А потом я открыл способность к теоретическому анализу. Сначала пошел в МТИ, на первый курс математического факультета. Пошел к декану и спросил: «Сэр, в чем прок высшей математики, если не учить еще более высшей?» И он ответил: «Если такой вопрос возникает, лучше вам дальше математикой не заниматься».
И он оказался совершенно прав. И это меня кое-чему научило.
Я выбрал математику только из-за очень хорошего владения ею. И с чего-то взял, что математика – это высший уровень. Но вообще-то я ею увлекся из-за прикладной науки. А тогда не очень это ценил.
Я увлекался математикой – и увлекался всем, что было как-то полезно. Под полезным я понимаю применять понимание природы, то есть ДЕЛАТЬ с этим что-нибудь. Не просто наплодить еще всякого логического, чудовища этого. Конечно же, нет в том ничего плохого. Математиков я не принижаю. У всех свои интересы. Но я понял, что мой интерес – не точность доказательств, а то, что они доказывают; а это для математиков не самая обычная установка. Им нравится структурировать природу доказательств и прочее. А мне были интереснее факты, показанные математическими соотношениями. Потому что я хотел их к чему-нибудь применять, понимаете? Потому и установка у меня была другая.
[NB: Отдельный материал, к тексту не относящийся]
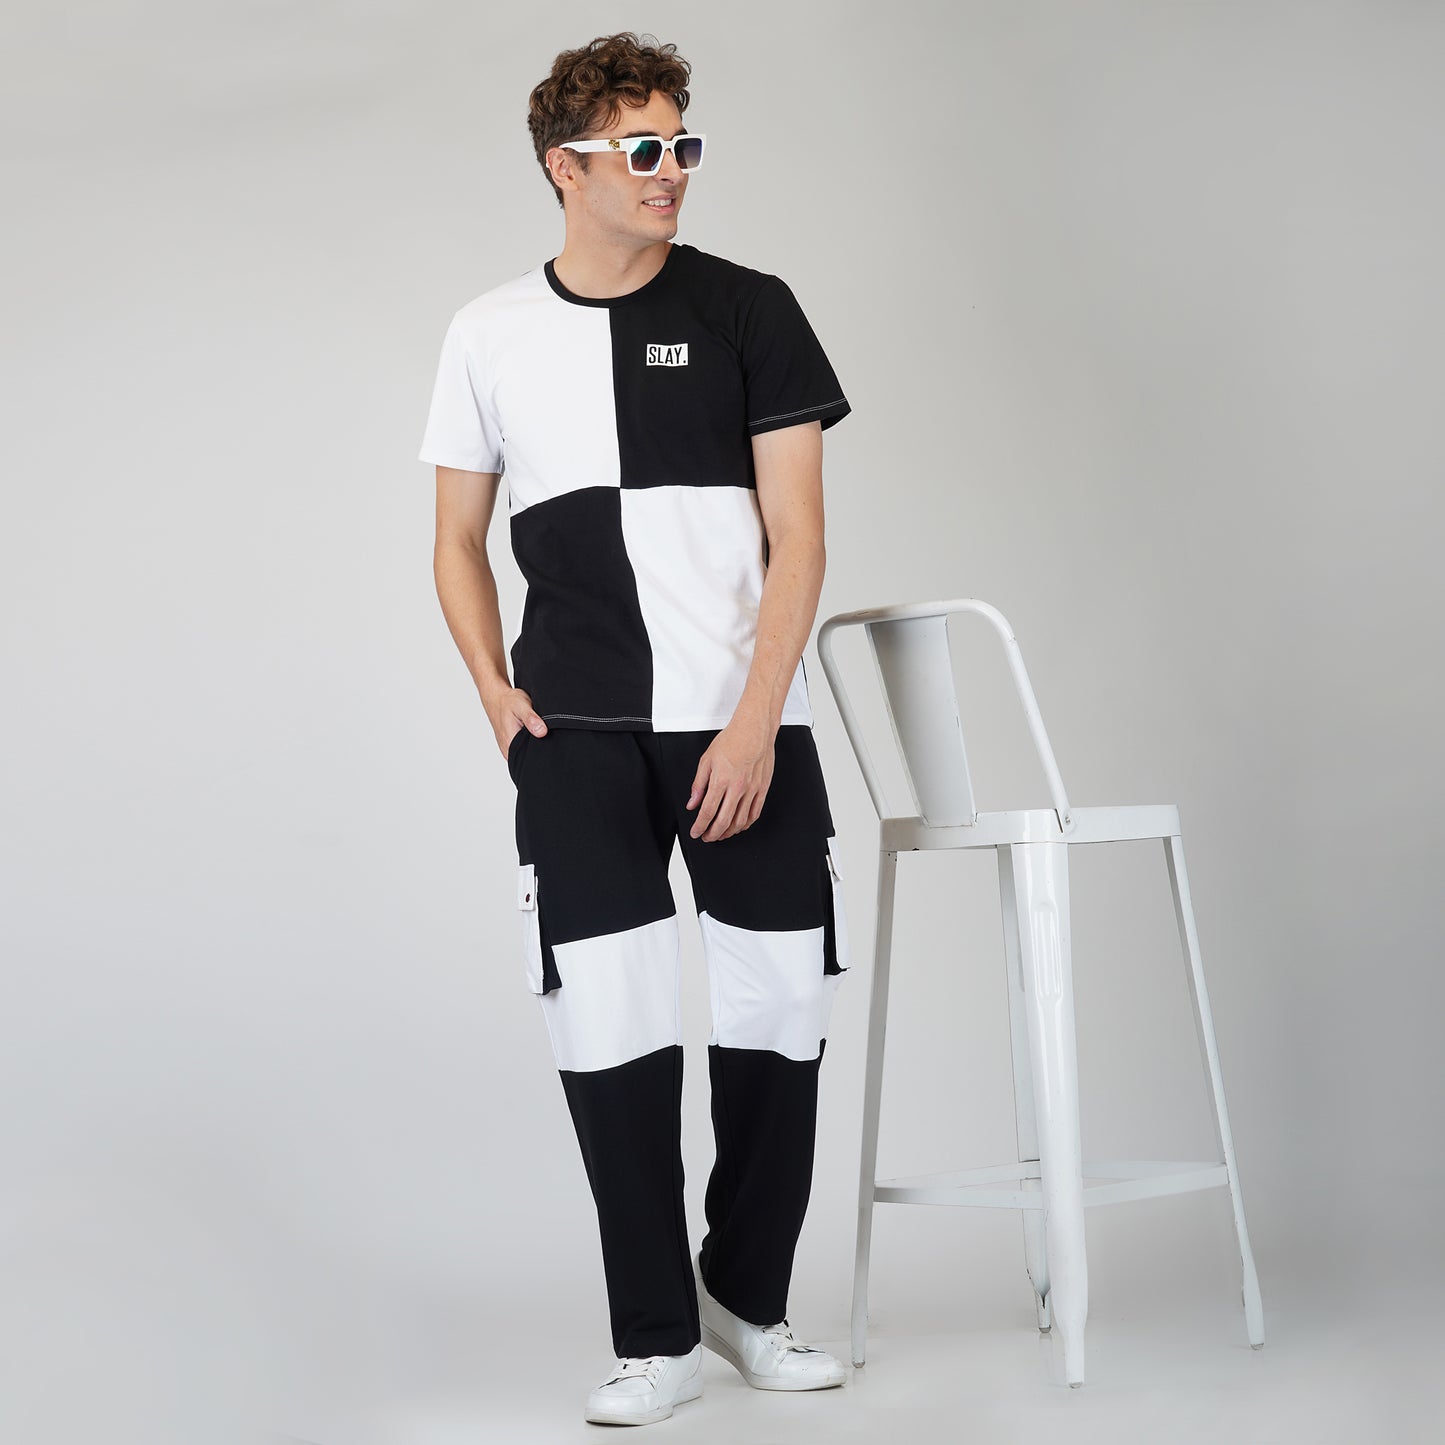 Regular Fit Black And White Cotton Plain Track Pants For Mens, Full Length,  Consumer Winning Quality, Unique Design, Bright Look, Soft Texture, Skin  Friendly, Comfortable To Wear, Well Stitched, Casual Wear at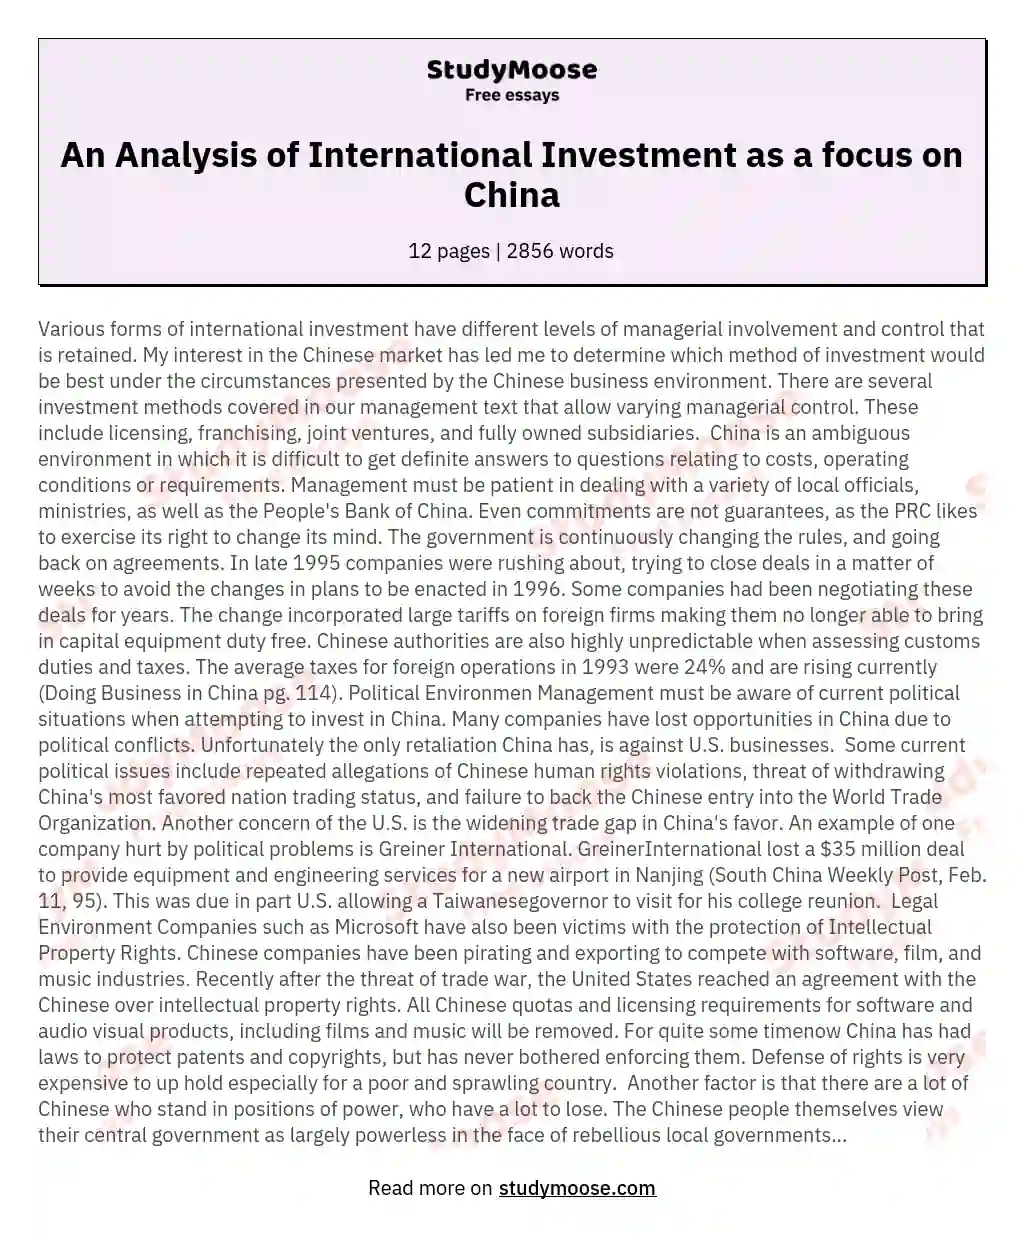 An Analysis of International Investment as a focus on China essay

Я нашел себе место в физике. Это моя жизнь. Для меня физика – потеха больше, чем что угодно еще, иначе я бы ею не занимался.
Я стоял у себя в кухне и потягивал крепкий, сладкий, тягучий эспрессо. Ничто не предвещало начала худшего дня в моей жизни.
Проснулся я спозаранку: в город приехал профессор, знакомый с аспирантуры. Он мне был вроде наставника, но мы не виделись много лет. Договорились встретиться в «Атенеуме», на поздний завтрак, или, как он его назвал, ланч. Потом ему нужно было вылетать в Бостон, а мне – идти к врачу.
По моим тогдашним понятиям «спозаранку» означало примерно десять утра. Получается какой-то лежебока, но я еще с аспирантуры привык работать далеко заполночь. Такая уж у физиков традиция, по крайней мере еще со времен Рене Декарта, с семнадцатого века. Декарт никогда не вылезал из постели до полудня. Он, видимо, и завел эту традицию, но поскольку люди вокруг не понимали ее, Декарт обзавелся репутацией лентяя. И тем не менее ему удалось произвести переворот и в физике, и в математике, и в философии. Недурно для лентяя.